> Your task
Omit every picture, then return each line of the data below exactly.

Collected material Block Start

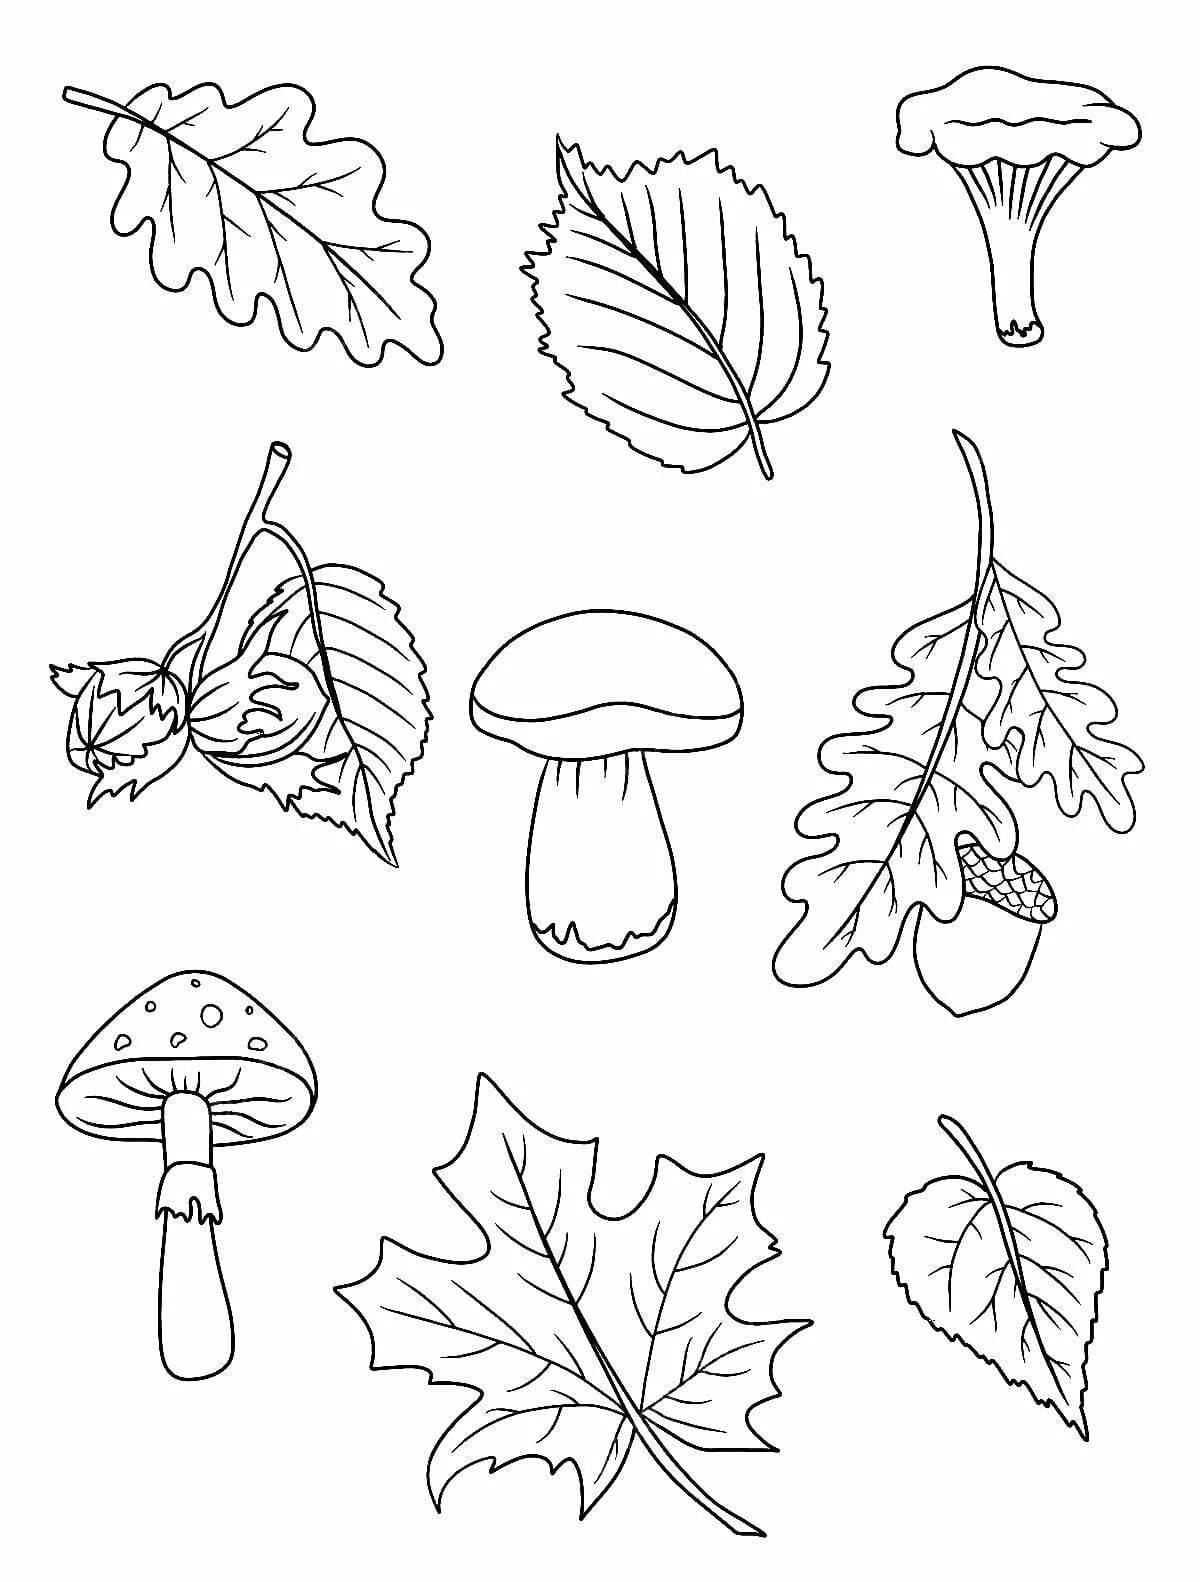 Impressive autumn coloring book for 3-4 year olds
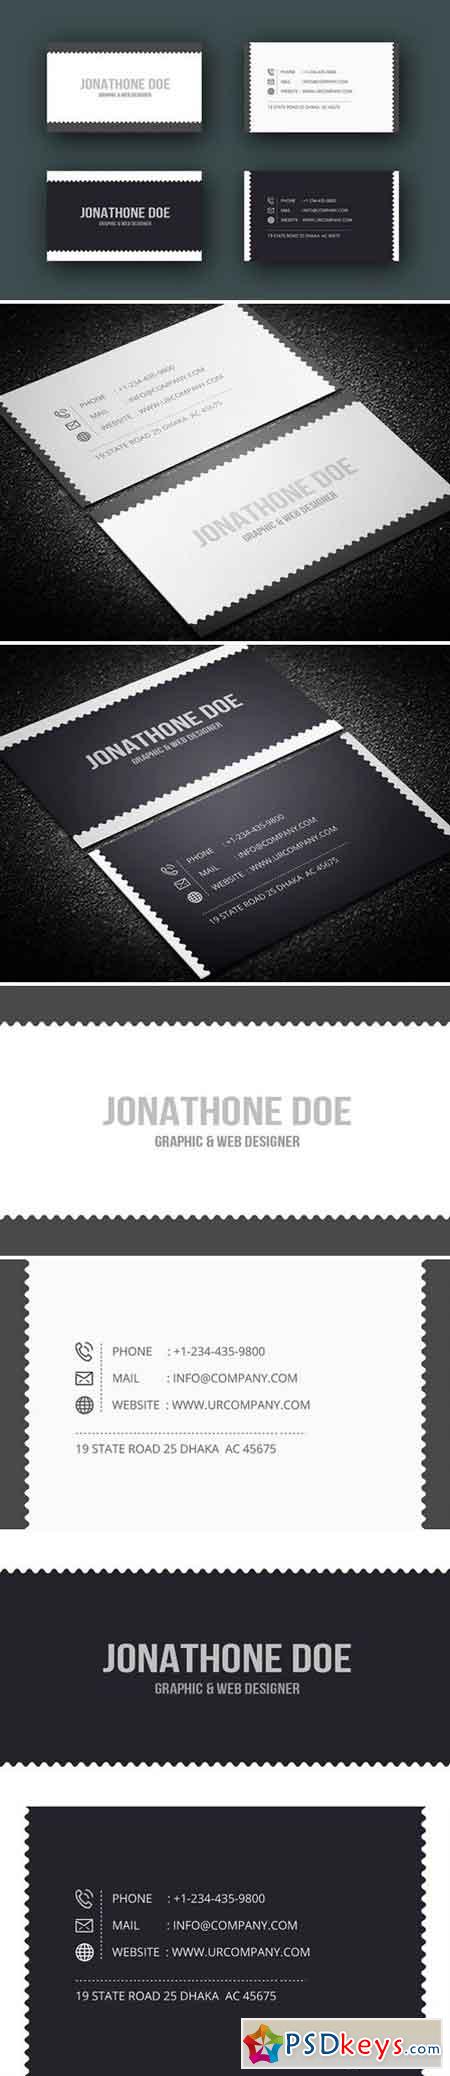 Business Card (2 version) 1274454
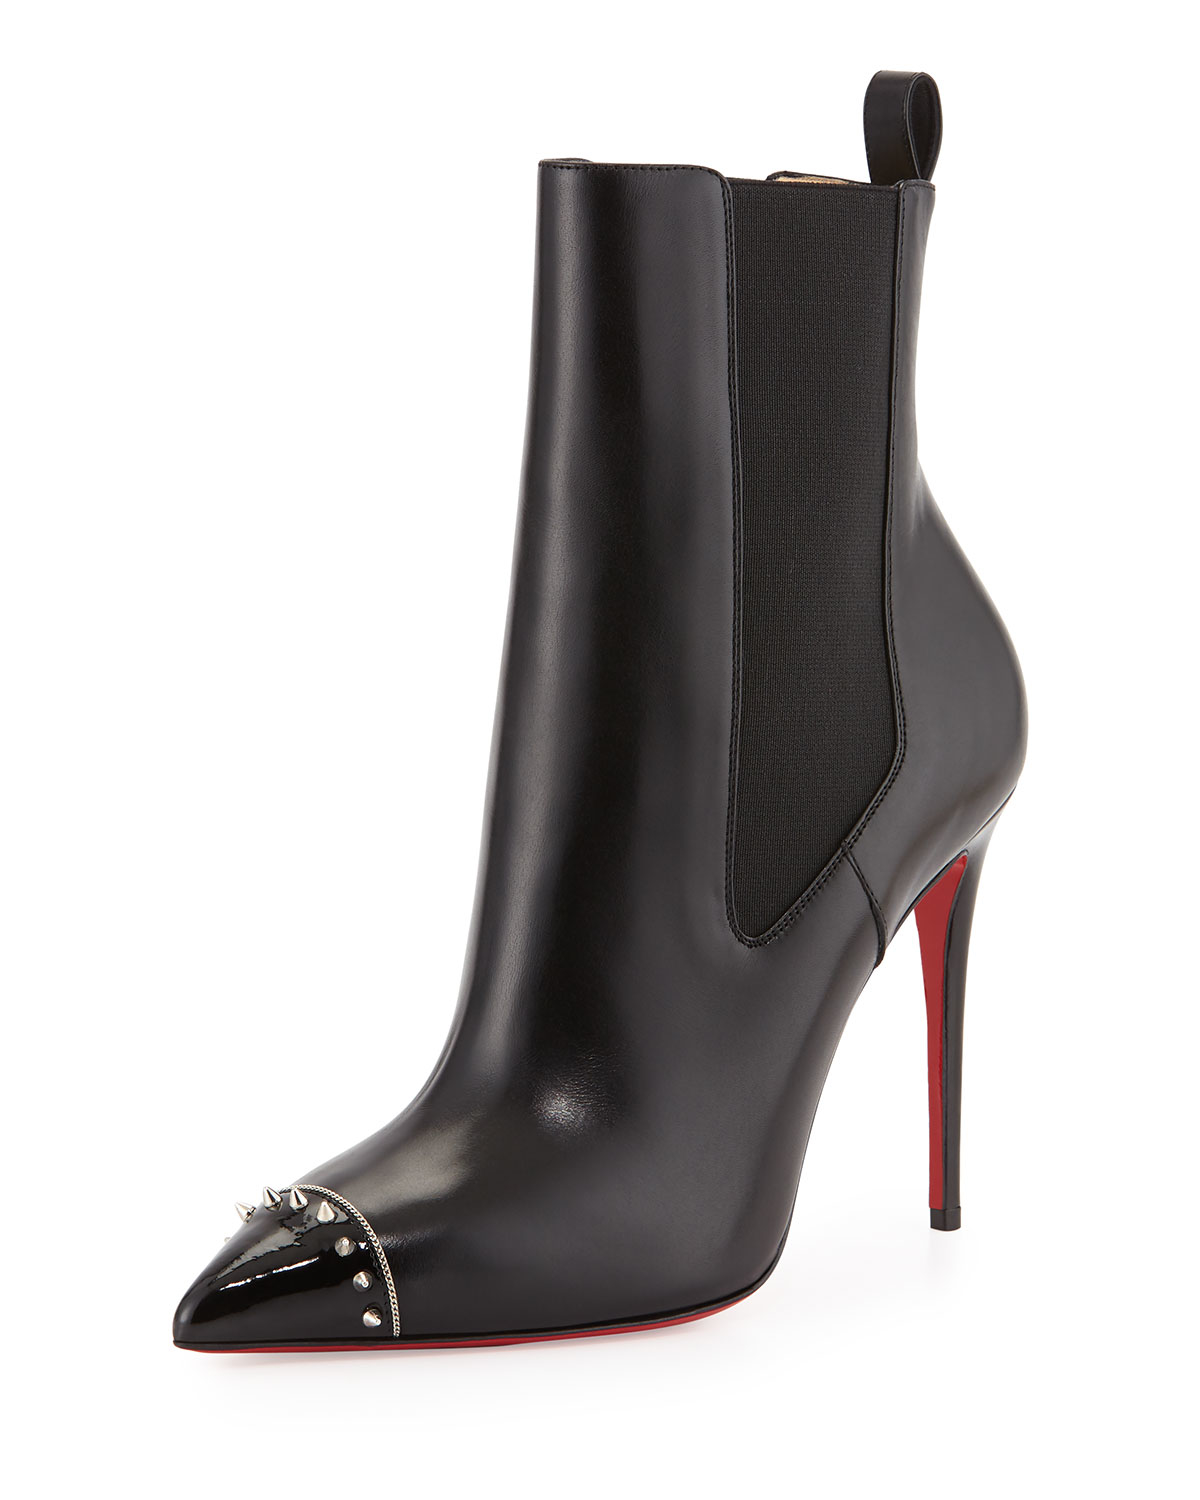 Christian Louboutin Banjo Spiked Leather Boots in Black - Lyst

Collected material Block End

> Answer section
 Impressive autumn coloring book for 3-4 year olds
 Business Card (2 version) 1274454
 Christian Louboutin Banjo Spiked Leather Boots in Black - Lyst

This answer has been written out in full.